- Exercise
Where the data below shows a picture, leave that picture out and copy the rest exactly.

- The data
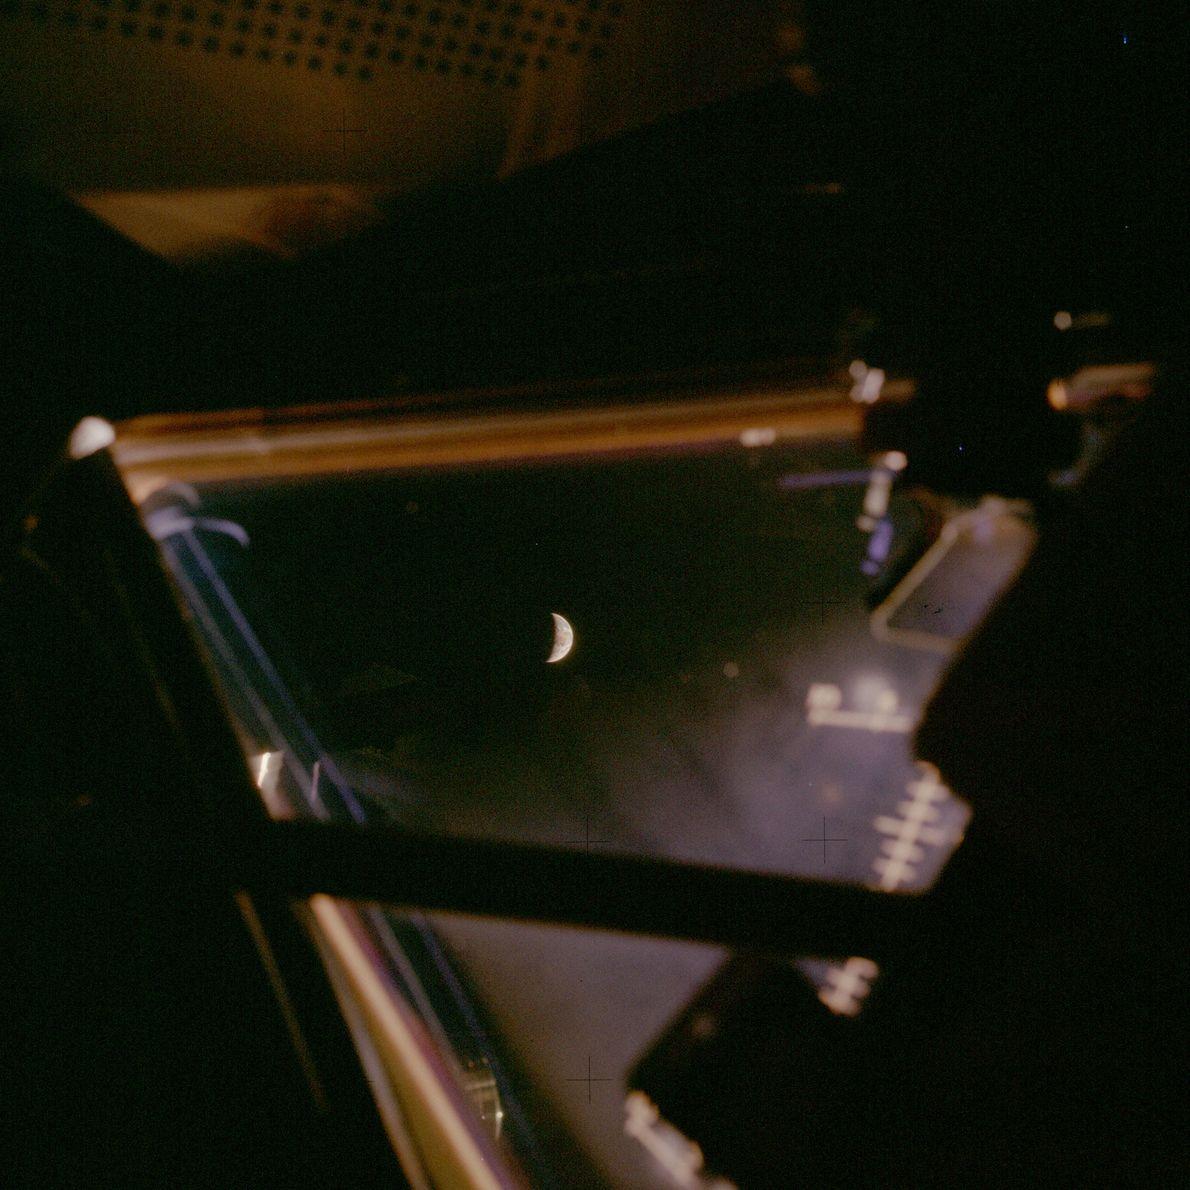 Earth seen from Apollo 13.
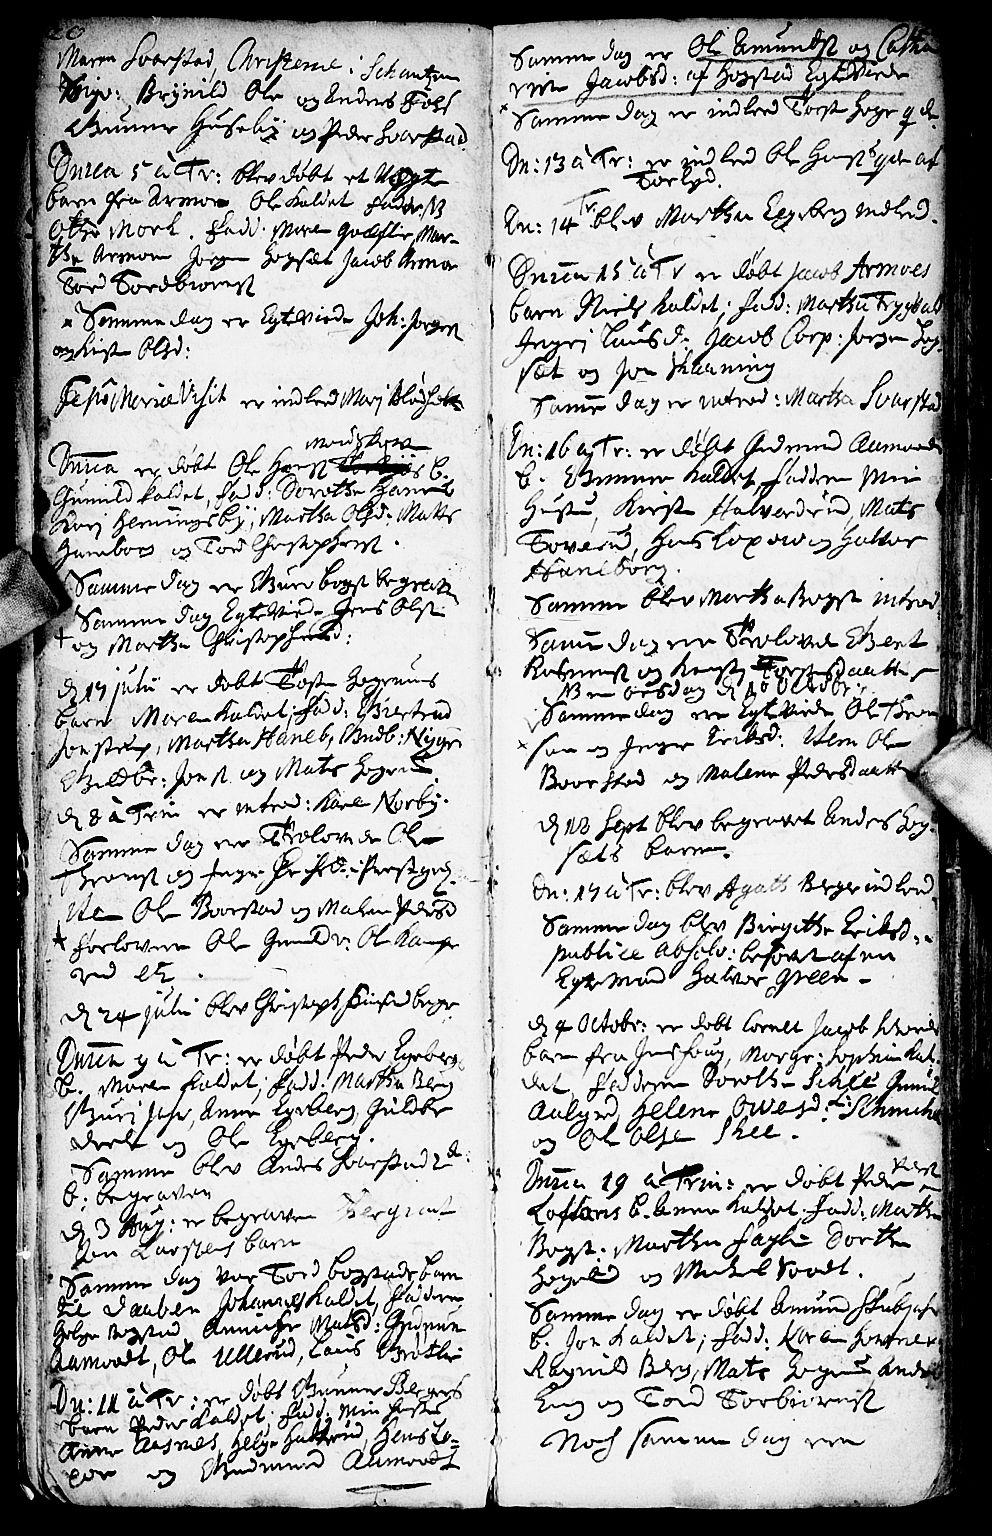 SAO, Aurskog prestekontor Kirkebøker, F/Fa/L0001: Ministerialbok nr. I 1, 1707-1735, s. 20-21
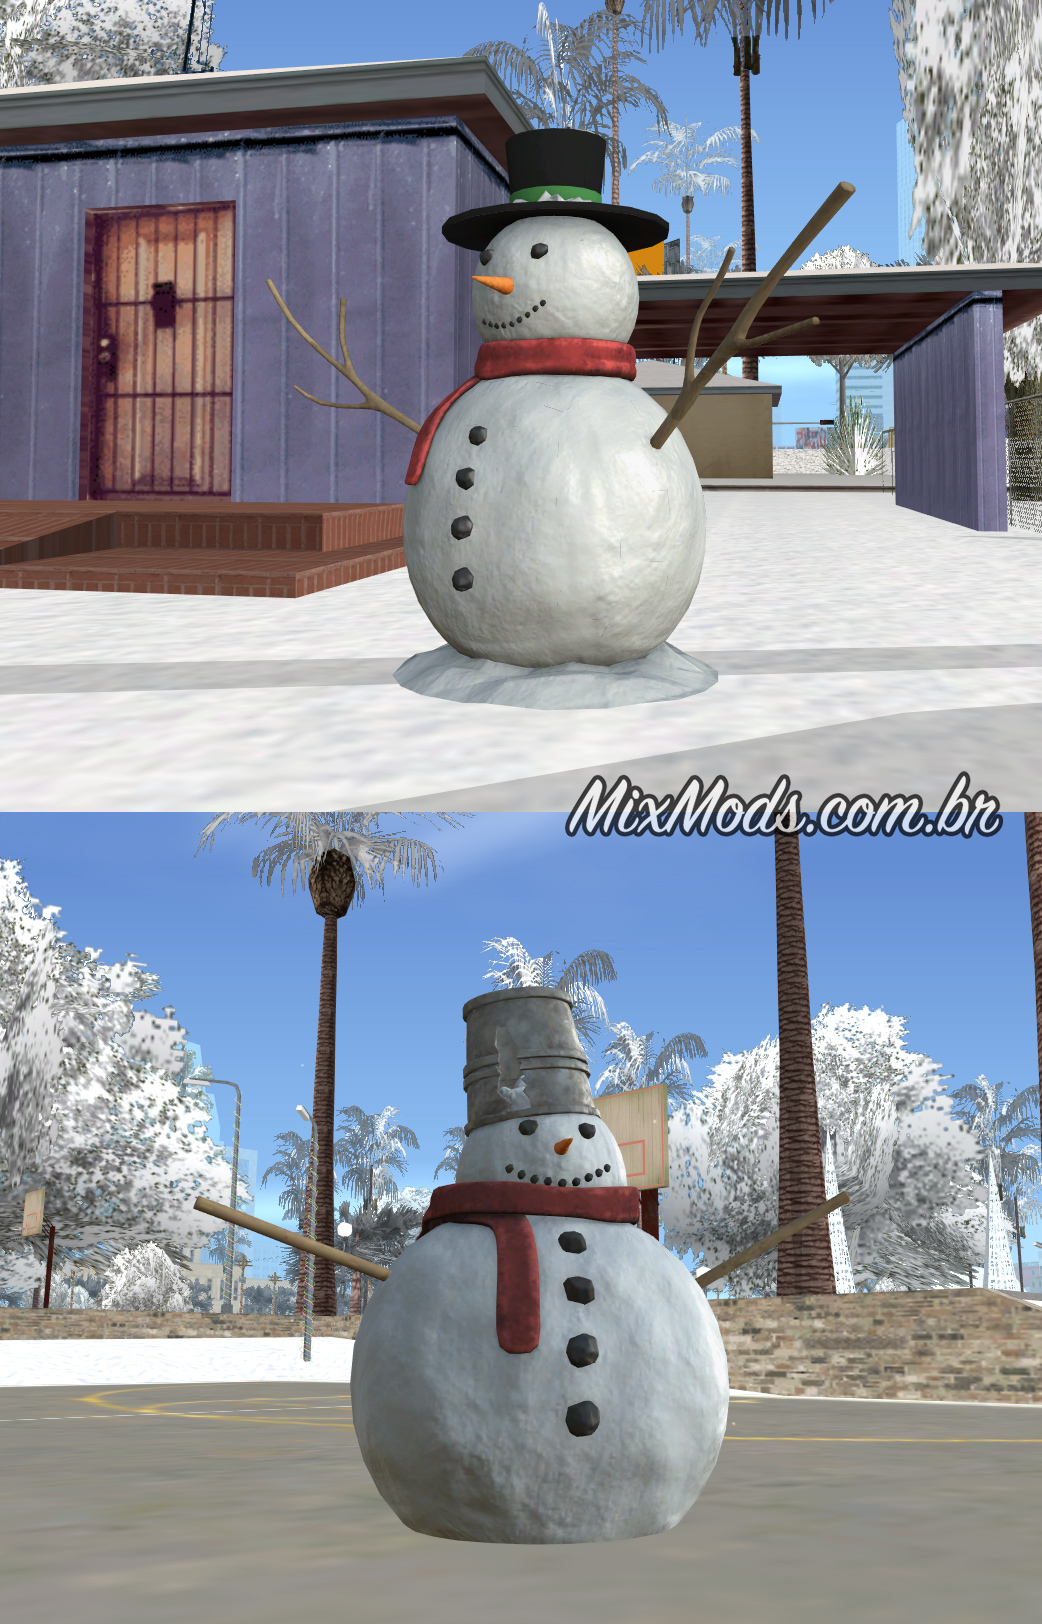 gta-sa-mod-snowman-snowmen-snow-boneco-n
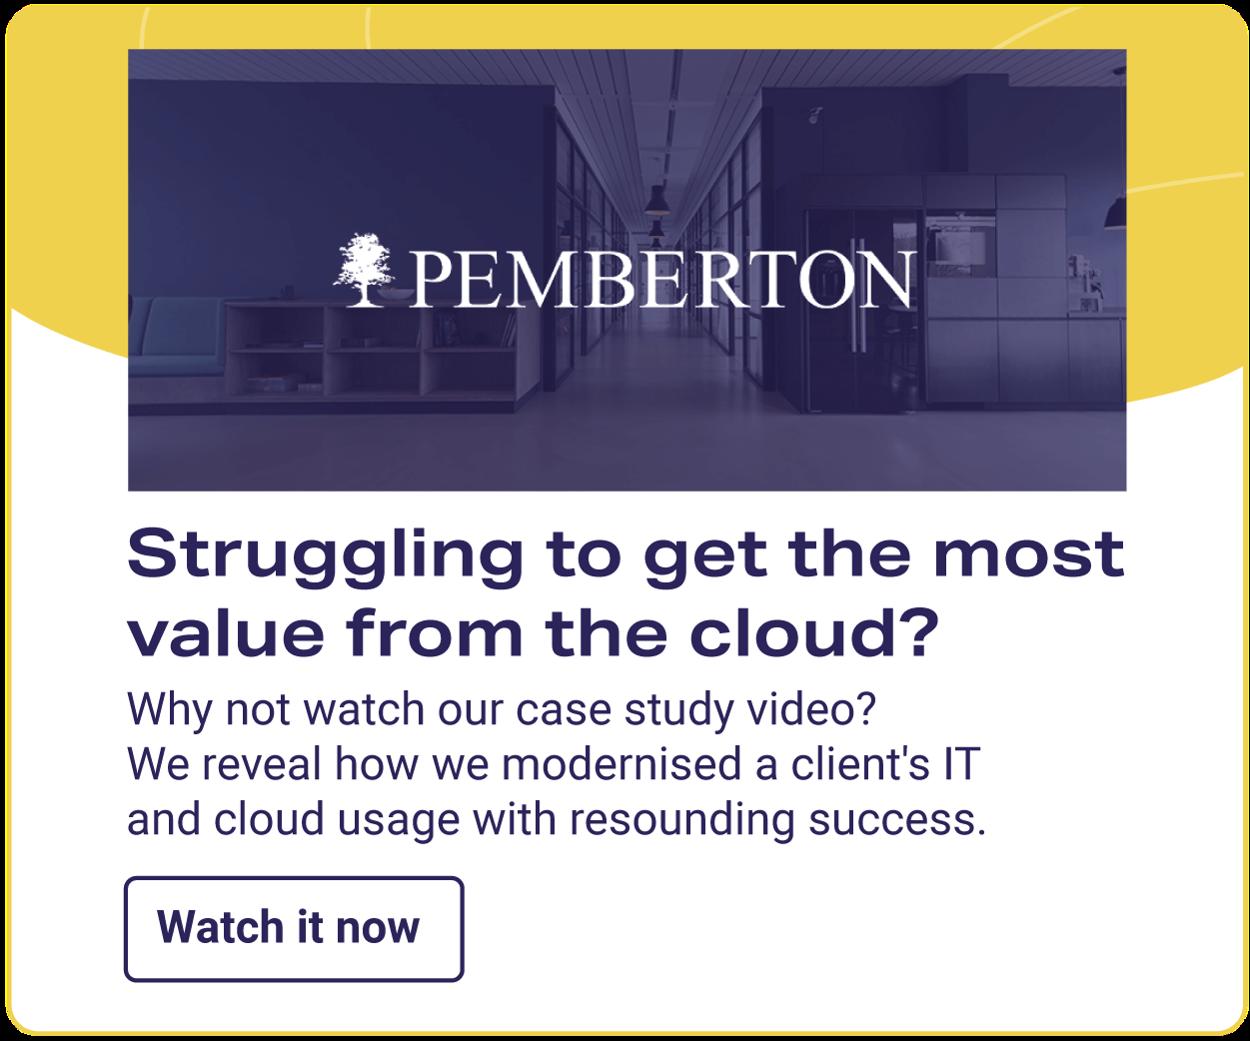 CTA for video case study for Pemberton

- Final answer
 Earth seen from Apollo 13.
 SAO, Aurskog prestekontor Kirkebøker, F/Fa/L0001: Ministerialbok nr. I 1, 1707-1735, s. 20-21
 gta-sa-mod-snowman-snowmen-snow-boneco-n
 CTA for video case study for Pemberton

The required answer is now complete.